Since version 2.4 the QCG-Computing services discover installed applications using the Environment Modules package. For this reason you should install modules on the QCG-Computing host and mount directories that contain all module files used at your cluster as well as make sure that a user qcg-comp can see all these modules.
The QCG services do not require from you to install any QCG component on the worker nodes, however the provided application wrapper scripts, that are typically used by QCG, need the following software to be available on worker nodes:
- bash,
- rsync,
- zip/unzip,
- dos2unix,
- python.
These packages are usually available out of the box on most of the HPC systems.
Both services, QCG-Notification and QCG-Computing, require access to a database over ODBC. In most cases, the database is located on the same system as services. Currently the PostgreSQL database and UnixODBC are supported. To install them on CentOS Linux invoke:
yum install postgresql postgresql-server yum install unixODBC postgresql-odbc
Shared file system
Deployment of QCG-Computing requires usually two shared file systems in the cluster:
- "Users' directories" - shared between the QCG host and all worker nodes. Used for storing jobs' sandbox directories. It can be either HOME or scratch file system.

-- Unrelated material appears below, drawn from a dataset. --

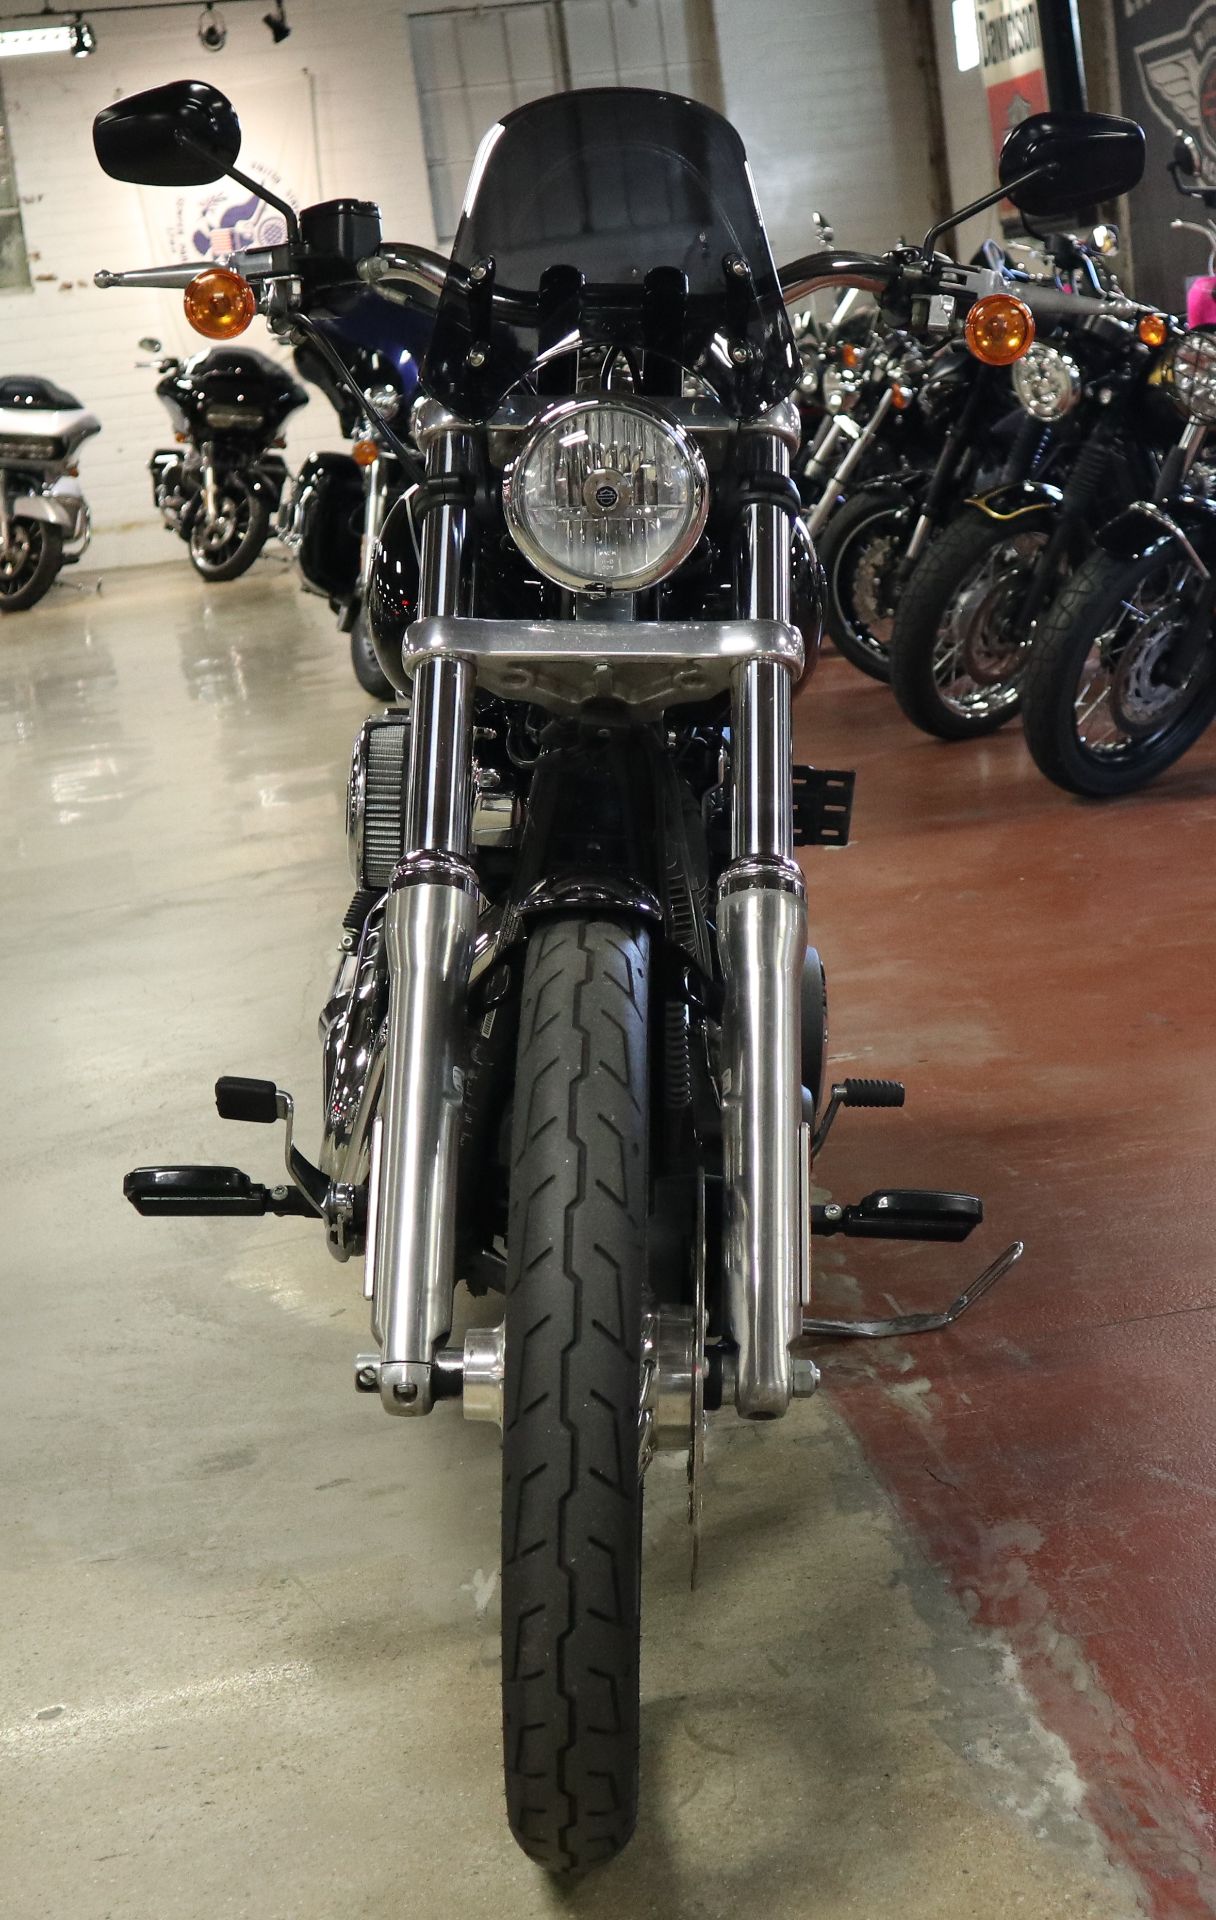 2017 Harley-Davidson Wide Glide in New London, Connecticut - Photo 3

You can read more about this here.
- "Applications scripts" - shared between all worker nodes. Used for storing Applications Scripts
Firewall configuration
In order to expose the QosCosGrid services externally you need to open the following incoming ports in the firewall:
- 19000 (TCP) - QCG-Computing
- 19001 (TCP) - QCG-Notification
- 2811 (TCP) - GridFTP server
- 20000-25000 (TCP) - GridFTP port-range (if you want to use different port-range adjust the GLOBUS_TCP_PORT_RANGE variable in the /etc/xinetd.d/gsiftp file)

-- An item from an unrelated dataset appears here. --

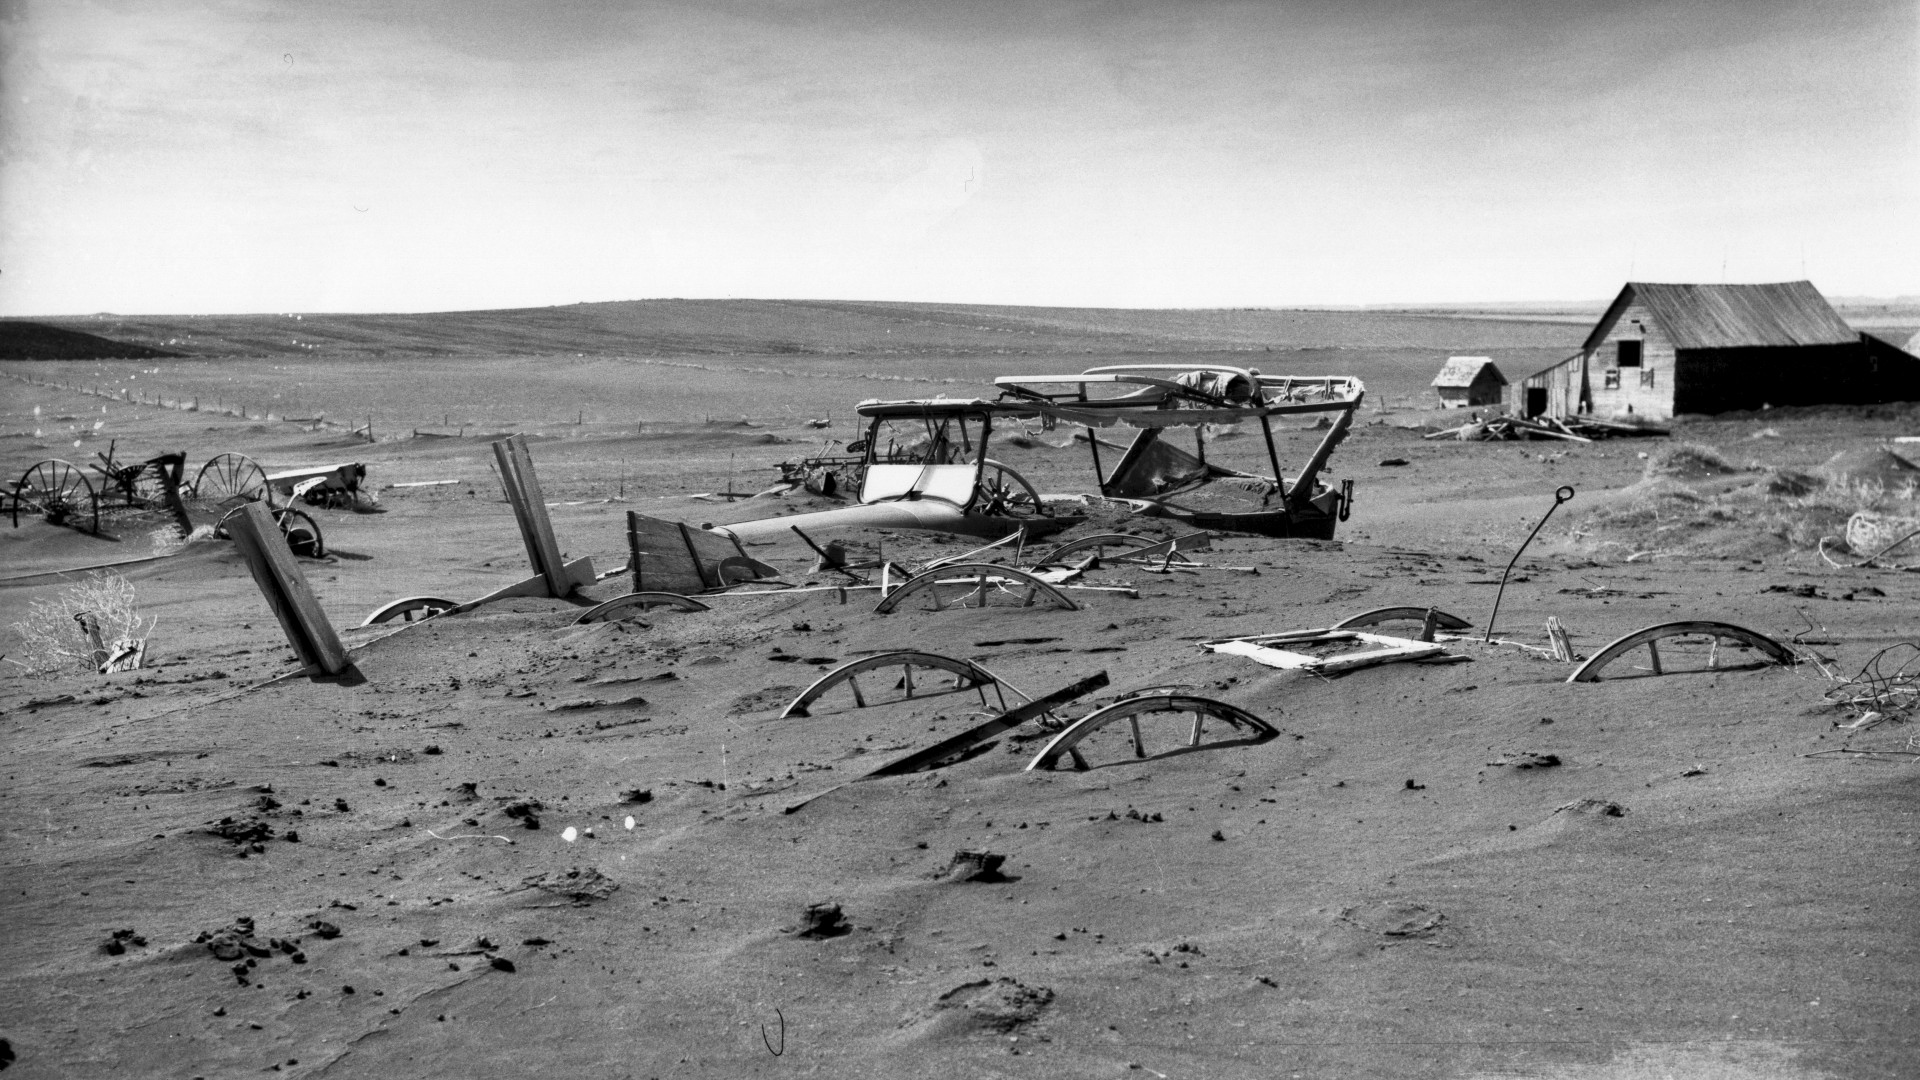 Damage caused during the Dust Bowl of the 1930's

You may also want to allow SSH access from white-listed machines (for administration purpose only).
The following outgoing trafic should be allowed in general:
- NTP, DNS, HTTP, HTTPS services
- gridftp (TCP ports: 2811 and port-ranges: 20000-25000)
QCG-Notification
Installation
QCG-Notification may be installed using Yum Package Manager from RPMs. The procedure is as follows:
- At first you need to install the QCG repository:
rpm -Uvh http://www.qoscosgrid.org/qcg-packages/centos7/x86_64/qcg-repo-unstable-1.0.0-1.centos7.noarch.rpm
- install QCG-Notification using YUM Package Manager:
yum install qcg-ntf qcg-ntf-logrotate
Configuration
The first step is to configure QCG-Notification database using provided script:
/usr/share/qcg-ntf/tools/qcg-ntf-install.sh Welcome to qcg-ntf installation script! This script will guide you through process of configuring proper environment for running the QCG-Notification service. You have to answer few questions regarding parameters of your database. If you are not sure just press Enter and use the default values. Use local PostgreSQL server? (y/n) [y]: y Database [qcg-ntf]: User [qcg-ntf]: Password [qcg-ntf]: MojeTajneHaslo Create database? (y/n) [y]: y Create user? (y/n) [y]: y Checking for system user qcg_ntf...OK Checking whether PostgreSQL server is installed...OK Checking whether PostgreSQL server is running...OK Performing installation * Creating user qcg-ntf...OK * Creating database qcg-ntf...OK * Creating database schema...OK * Checking for ODBC data source qcg-ntf... * Installing ODBC data source...OK The newly established database settings must be reflected in the Database section of the QCG-Notification configuration file (by default /etc/qcg/qcg-ntf/qcg-ntfd.xml) Remember to add appropriate entry to /var/lib/pgsql/data/pg_hba.conf (as the first rule!) to allow user qcg-ntf to access database qcg-ntf. For instance: host qcg-ntf qcg-ntf 127.0.0.1/32 md5 and reload Postgres server.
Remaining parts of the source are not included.